From the line that contains "85 efficent purefire" down to the last line of the data below, restate every line word for word, skipping any images.

→ Dataset section
BEGIN
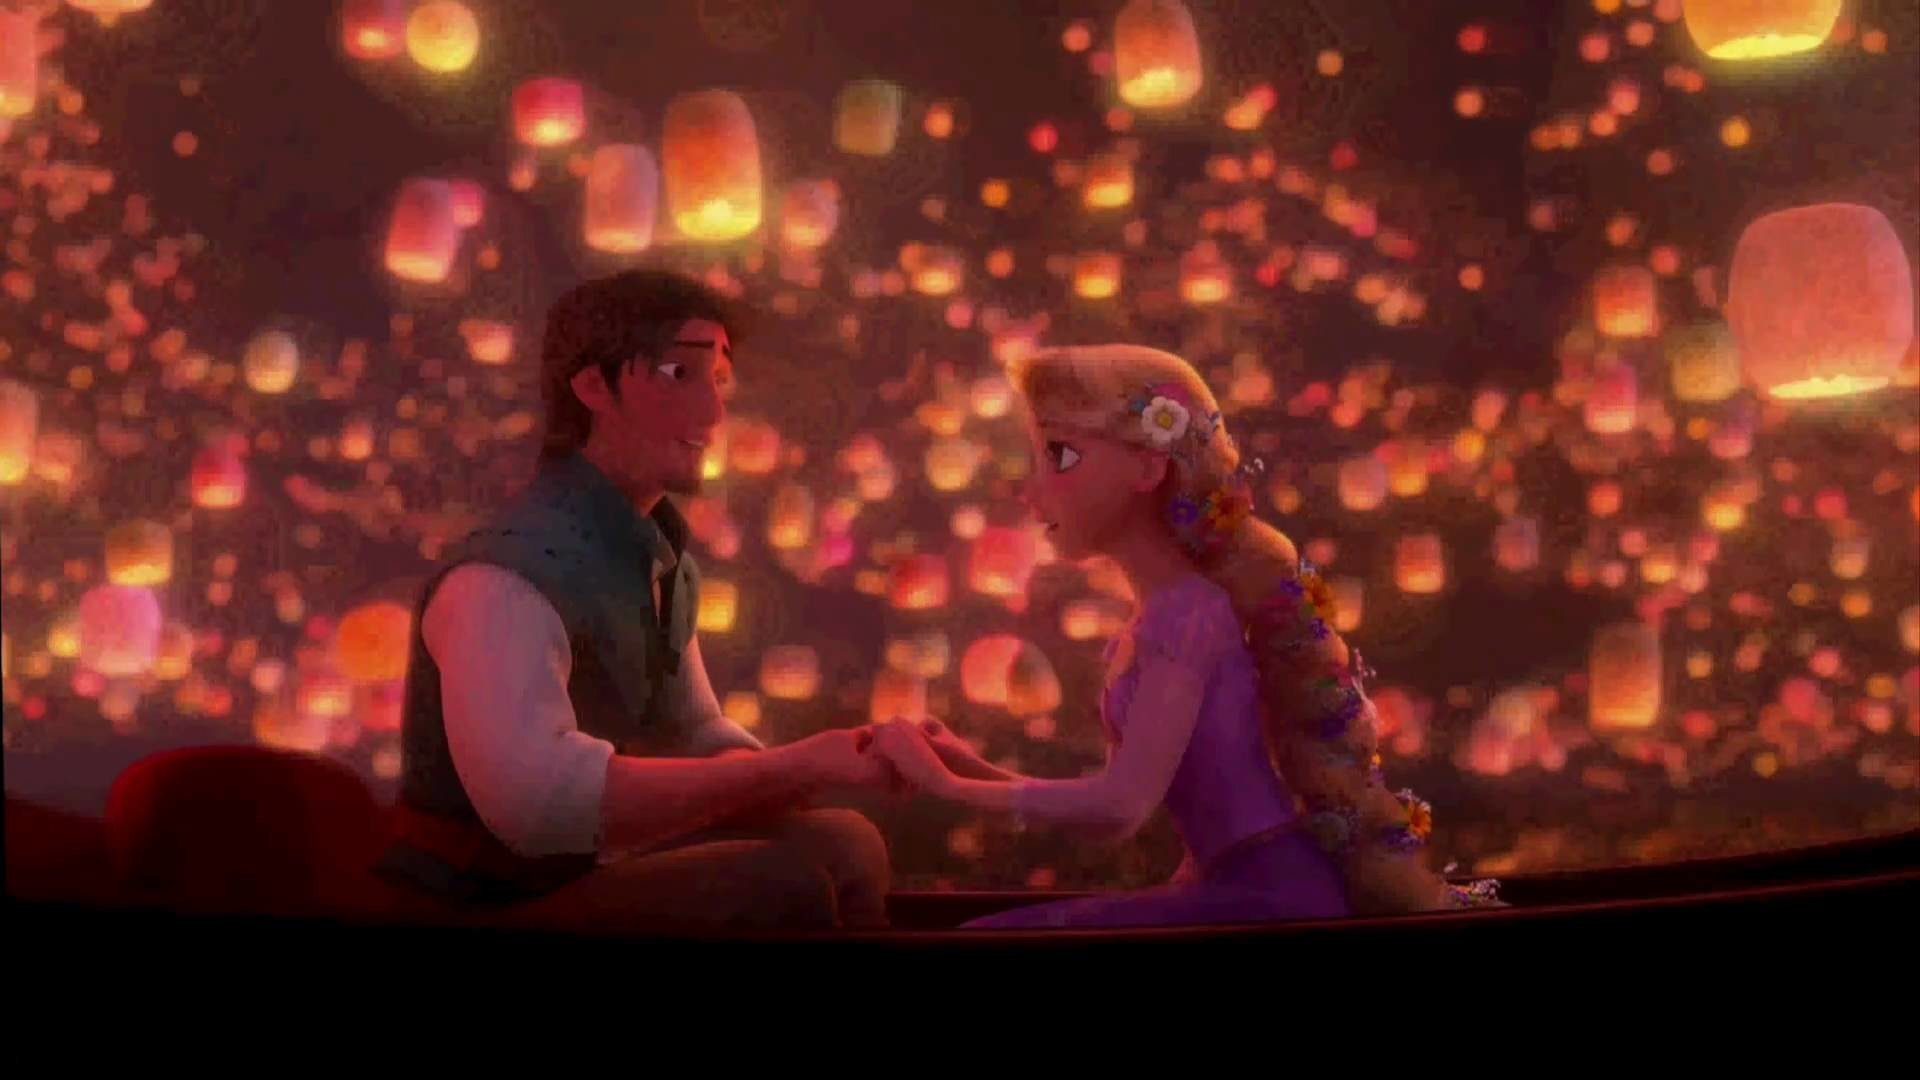 Rapunzel Wallpaper HD (70+ images)
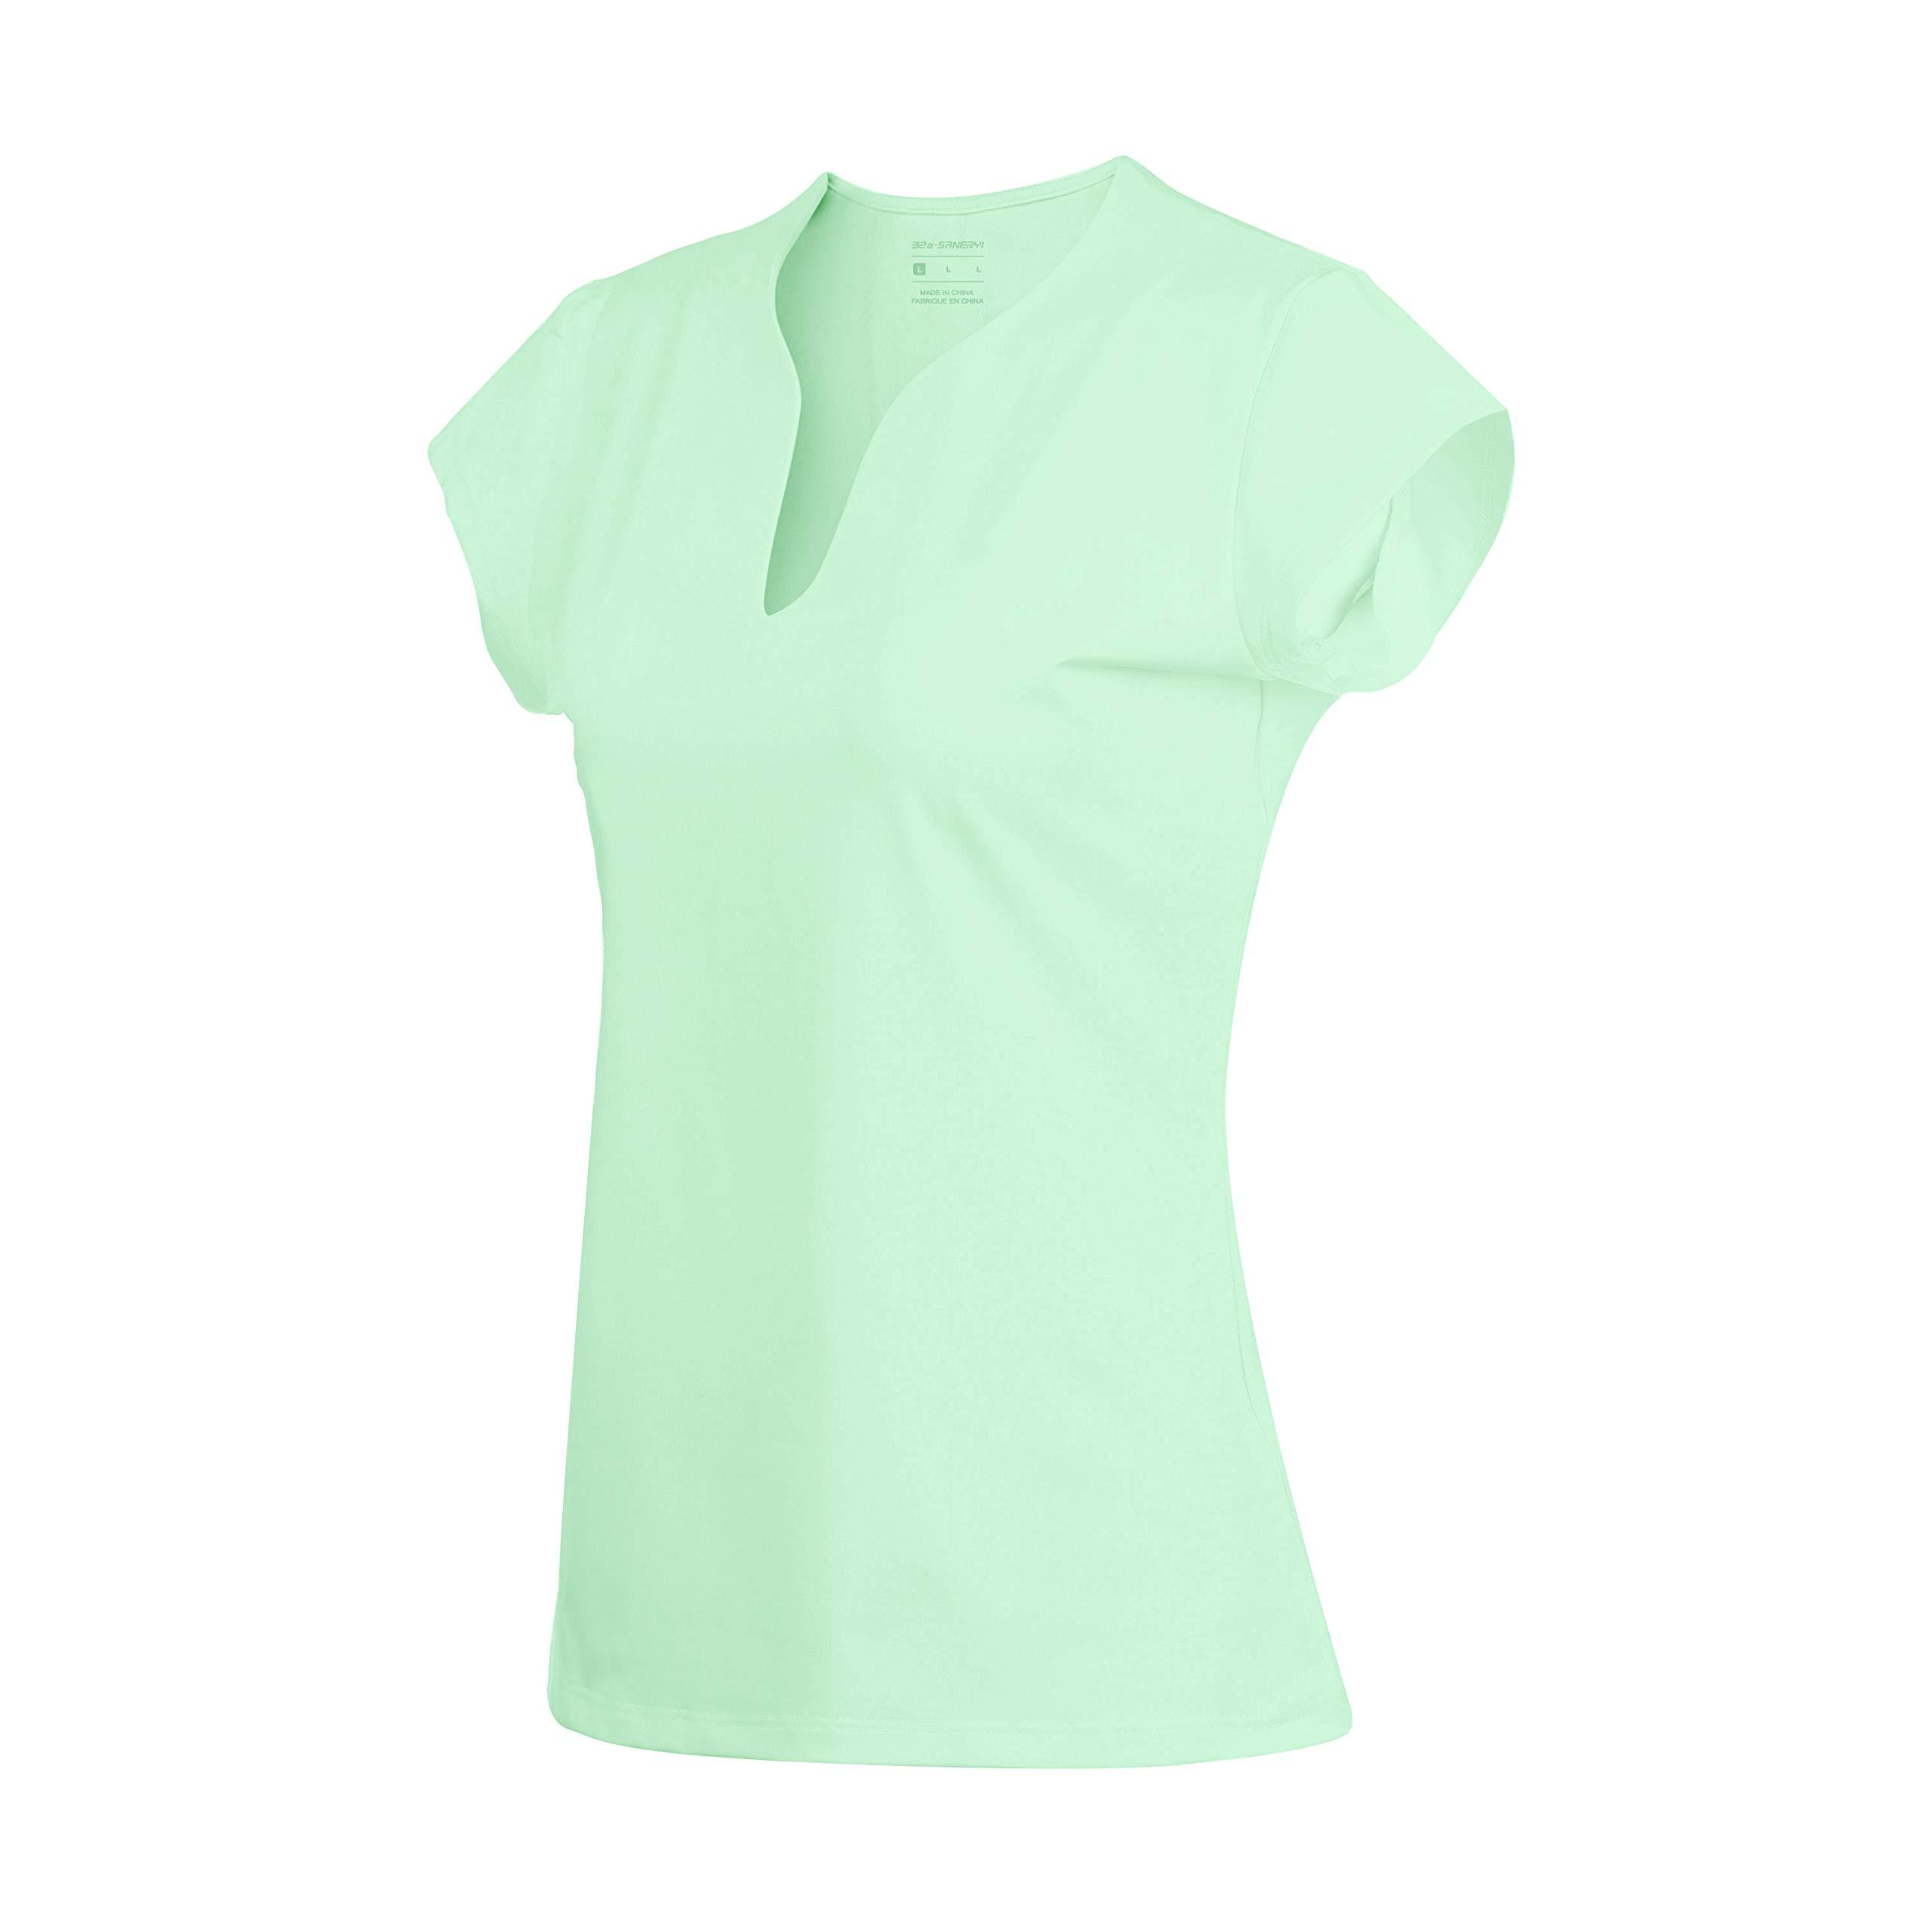 32e-SANERYI Women's V-Neck Pullover Short Sleeve Sports Shirts Quick-Drying Tees (M, Mint Green)
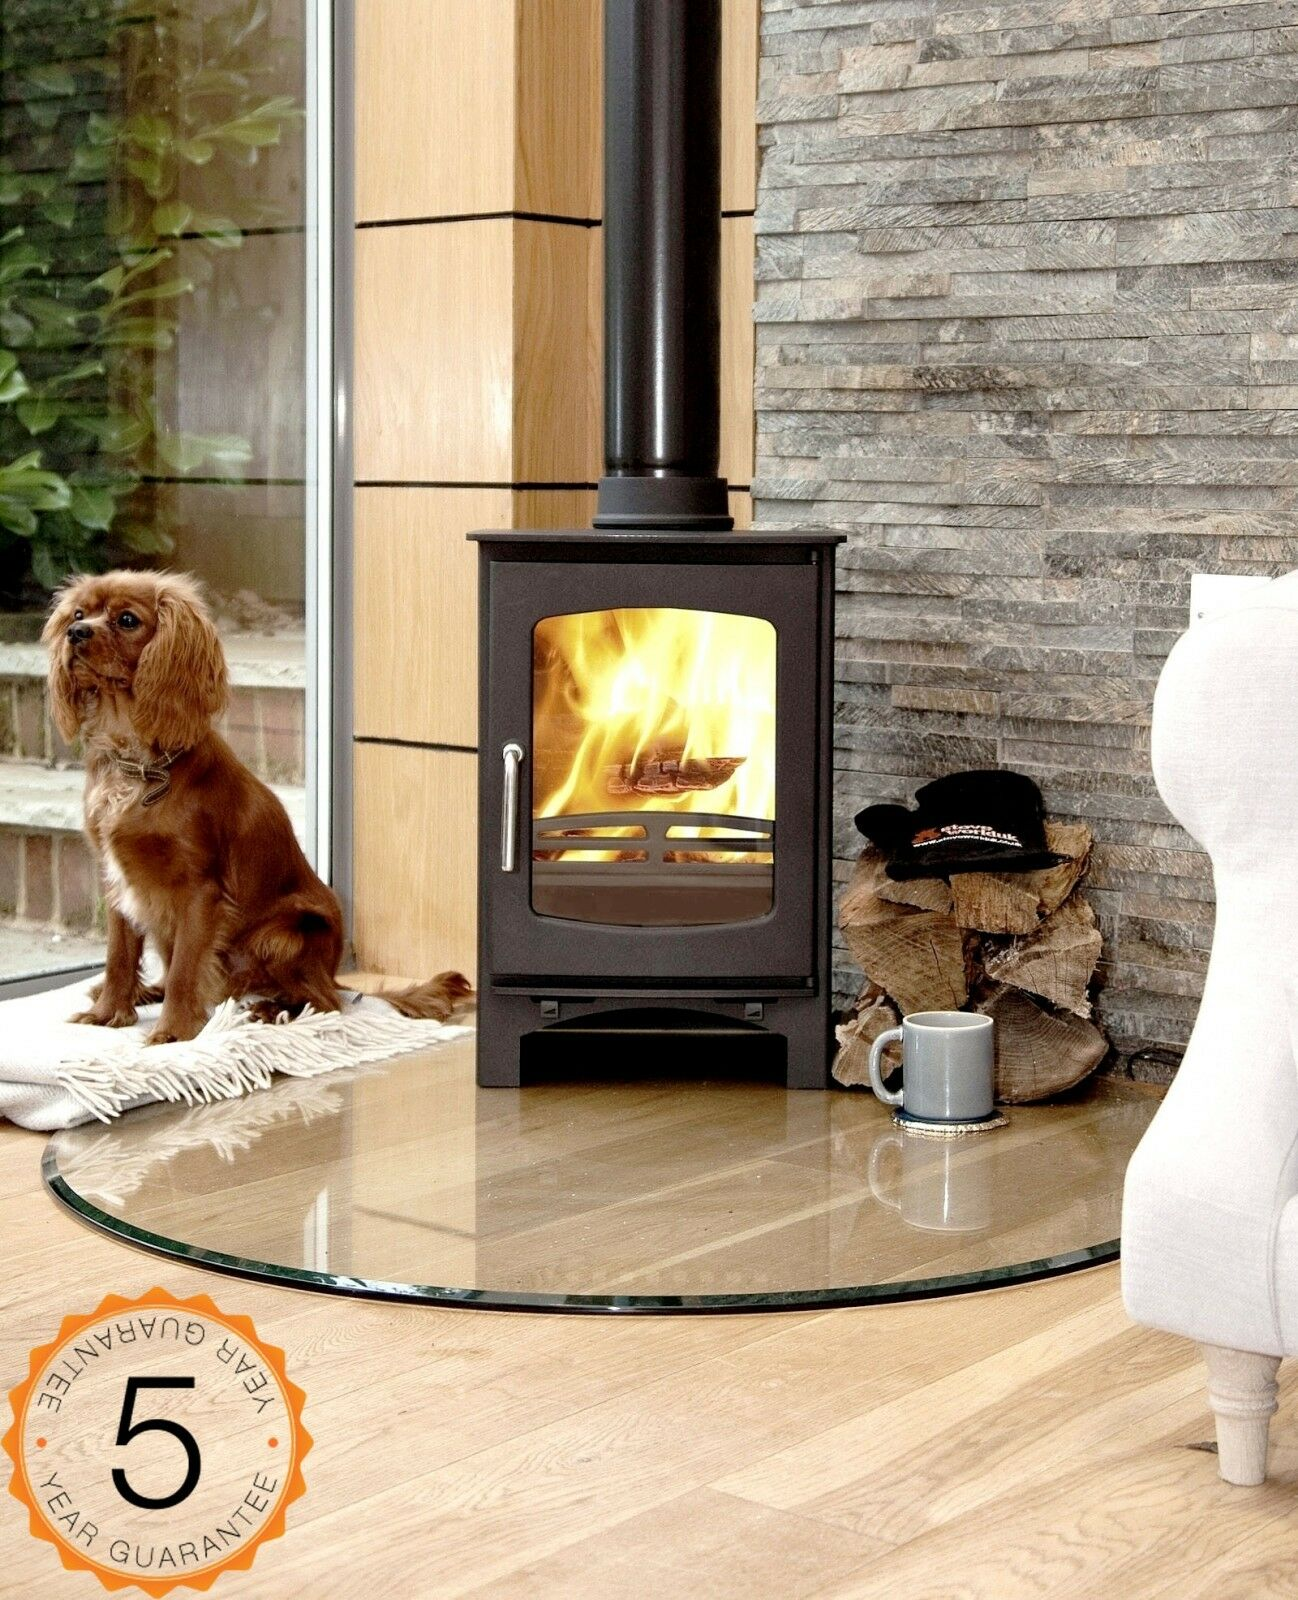 85 efficent purefire 5kw curve multi fuel woodburning. Black Bedroom Furniture Sets. Home Design Ideas
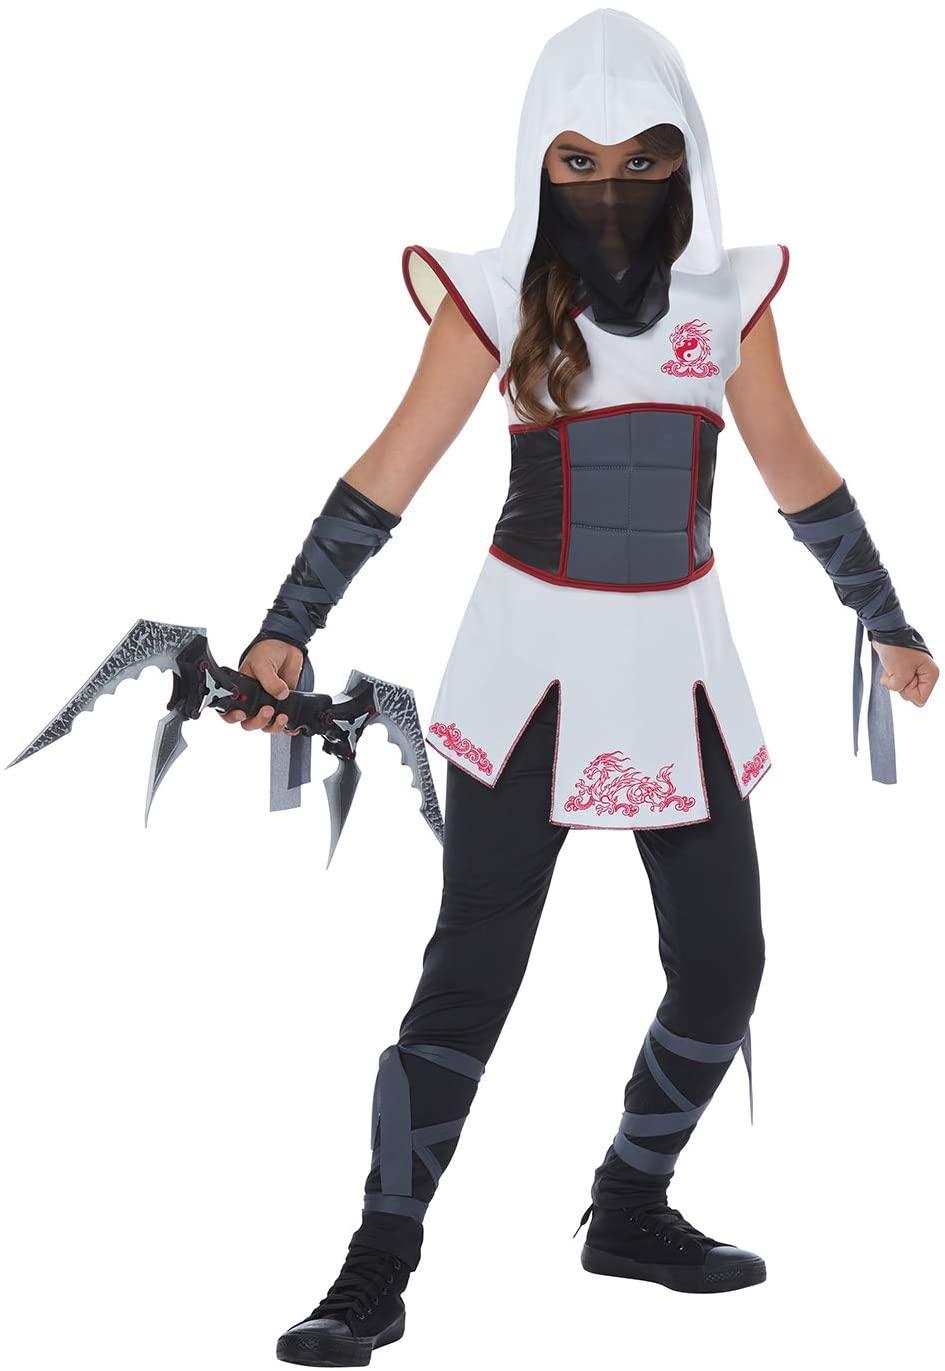 Fearless Ninja Girls Costume
END
→ Result of this exercise
 85 efficent purefire 5kw curve multi fuel woodburning. Black Bedroom Furniture Sets. Home Design Ideas
 Fearless Ninja Girls Costume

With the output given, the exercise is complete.